この映画はそこからも逃げずにかなりド直球に投げ込んでいる点も高く評価するポイント。
本木雅弘の圧倒される名演や綾野剛の熱演、仲間由紀恵にしか出せない薄幸さも含めて、清く正しく『新幹線大爆破』の後継と位置づけられる作品だと感じさせられる所以。
そして、忘れてならないのはやはり犯人の脅迫手段と戦う「プロ」たちの活躍。主人公が親子関係からの煮え切らないキャラが事件を通してグイグイと「男」になっていく成長は観ていてホント熱くなる。なおかつ、いよいよクライマックスでヘリに乗り込んでいく主人公が、同僚に技術屋としての矜持を伝えるシーンは涙が出そうなほど感動させる。

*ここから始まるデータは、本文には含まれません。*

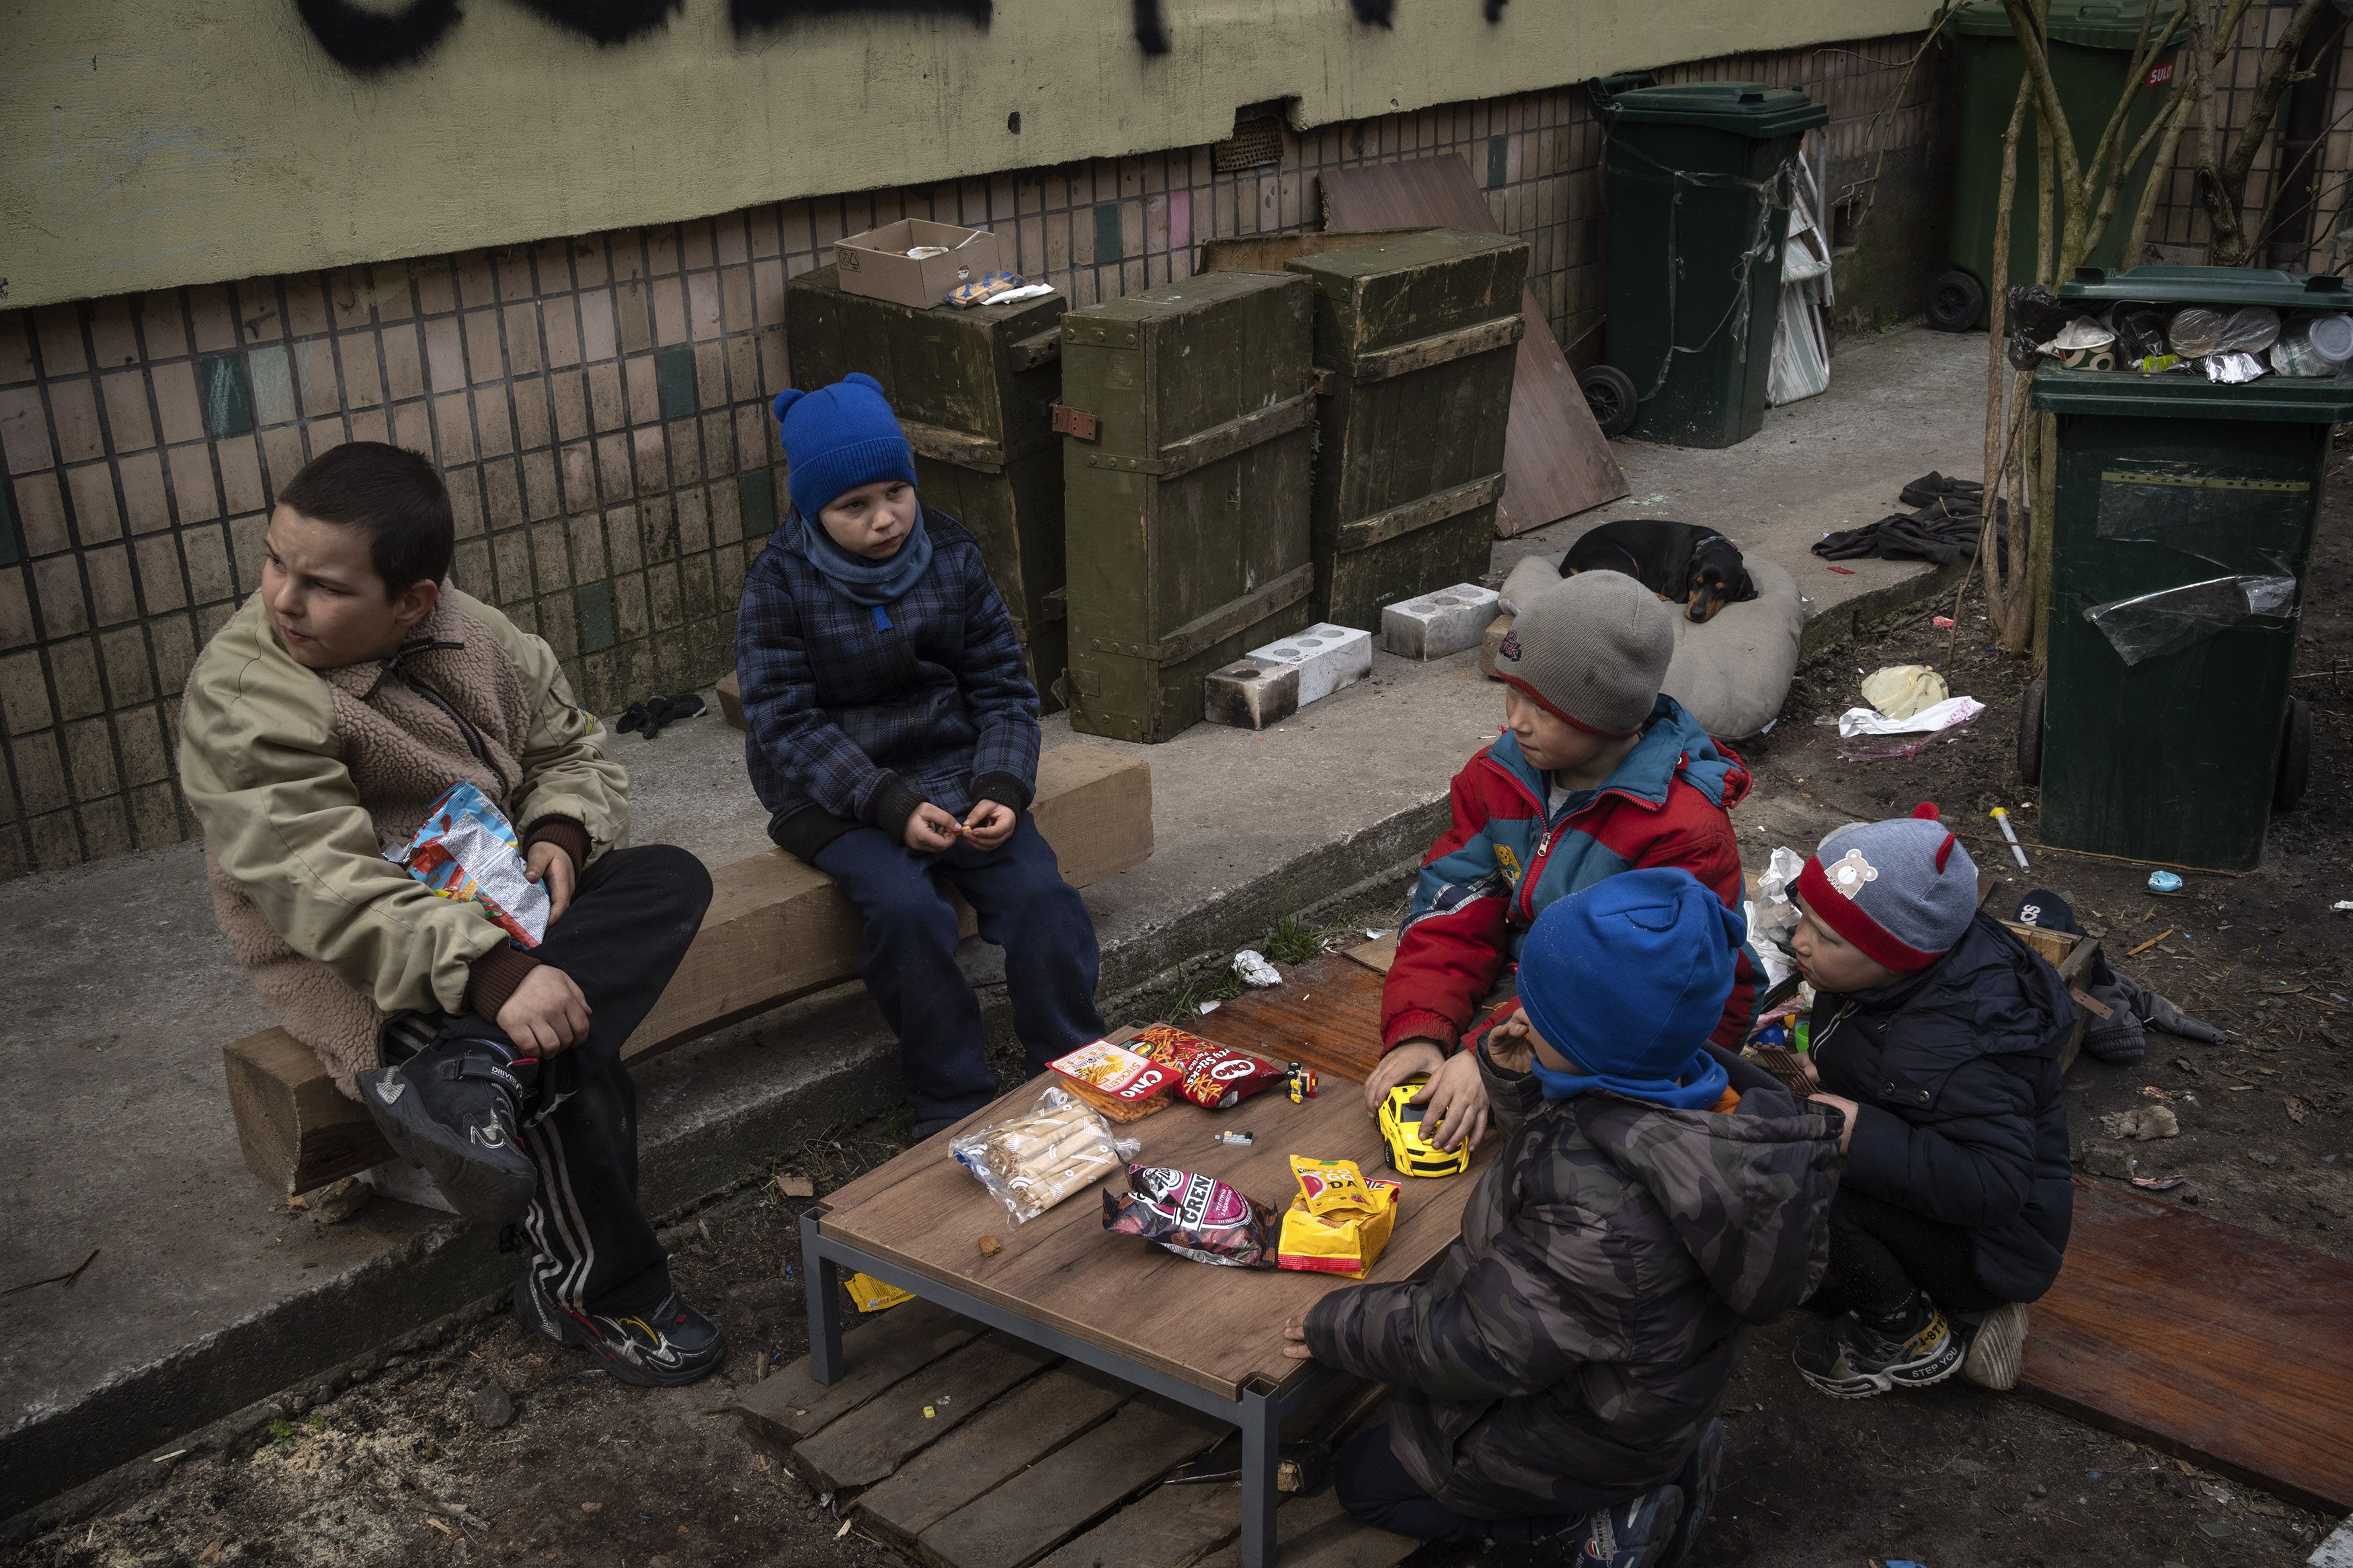 Niños sentados en torno a una mesa pequeña con comida que recibieron en un reparto de comida gratuita en Bucha, a las afueras de Kiev, Ucrania, el viernes 8 de abril de 2022. Un graffiti escrito por los vecinos en la pared al fondo dice "Niños" para informar al ejército ruso de que muchos niños viven en el edificio. (AP Foto/Rodrigo Abd)

『新幹線大爆破』の宇津井健が最後の最後にプロとしてケジメをつけたのと同じ感動。
同様に、首謀者の三島もプロ中のプロとして徹頭徹尾行動していたことが一際感動を強くする。だからこそ「動機」が強く胸に迫る。
恐らく映画オリジナルであろうラストの東日本大震災のくだりで、三島が震災の翌日獄中で死んだことが語られる。「自殺」か「寿命」かは語られないが、『機動警察パトレイバー劇場版』の帆場が「結果も見定めずに自殺」したのとは違って、「結果」を見定めて死んだ三島の表情はどんなものだったのだろうか……
・・・
正直観る前は堤幸彦監督ということもあり、ハードルをかなり下げていたことは認めますが、何の事はない奇を衒ったような遊びも全く無く、正攻法でカッチリとパニック映画を作り上げた手腕はまったくお見事としか言いようが無いです。

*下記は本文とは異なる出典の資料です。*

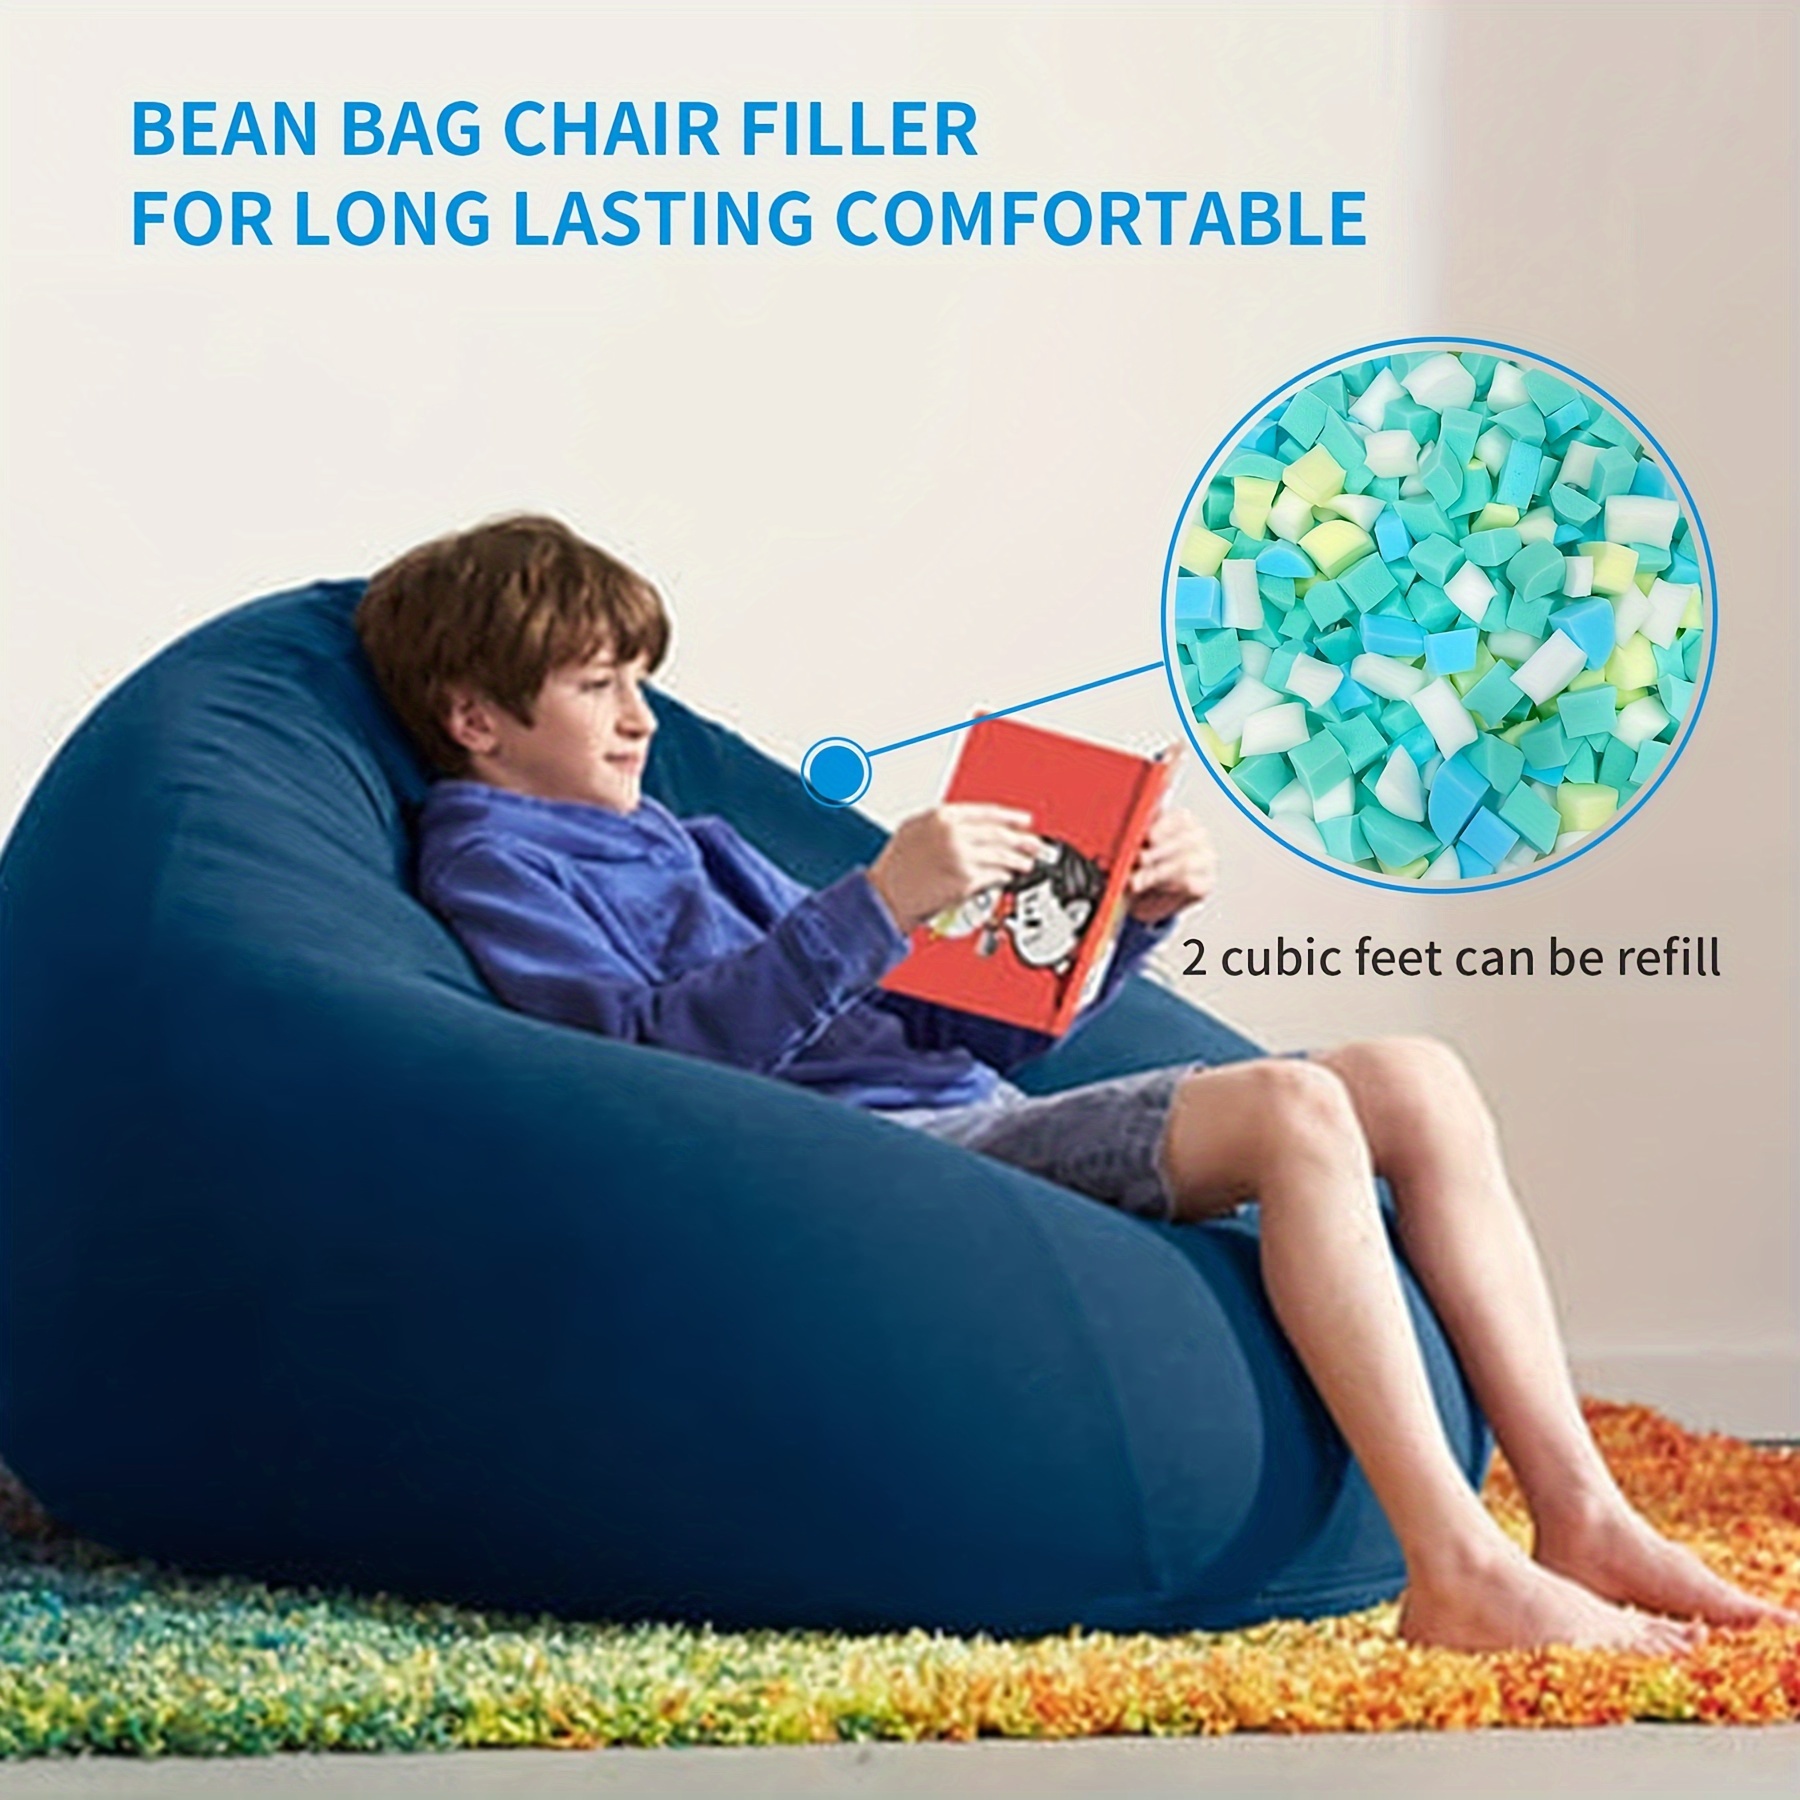 Styrofoam Particles Bean Bag, Foam Bean Bag Bed Chair

また、警察として登場する手塚とおるが『ガメラ3』と同様の「没入感を台無しにする作りすぎたキャラ」で出てきた時は絶望的な気持ちになったのですが、それもすぐに目立たなくなり、キチンと作品の中で重要なプロとして行動していたので安心しました(もっとも、だったら最初からキャラ作るんじゃねえよとは思いますけど)。
もちろん國村隼さんのド安定の芝居も作品のディティールを強固にして、少し間違えば白けるこの手の映画の世界観をガッチリと支えていました。あれはホント見事。
自分も含めて「邦画のこの手の映画はどうせアレでなにでしょ?」と思っている方も多いと思います。もちろん不安定な部分もありますが、それでもこの手の映画では近年類を見ないほどの興奮が味わえる快作です。
強くオススメします。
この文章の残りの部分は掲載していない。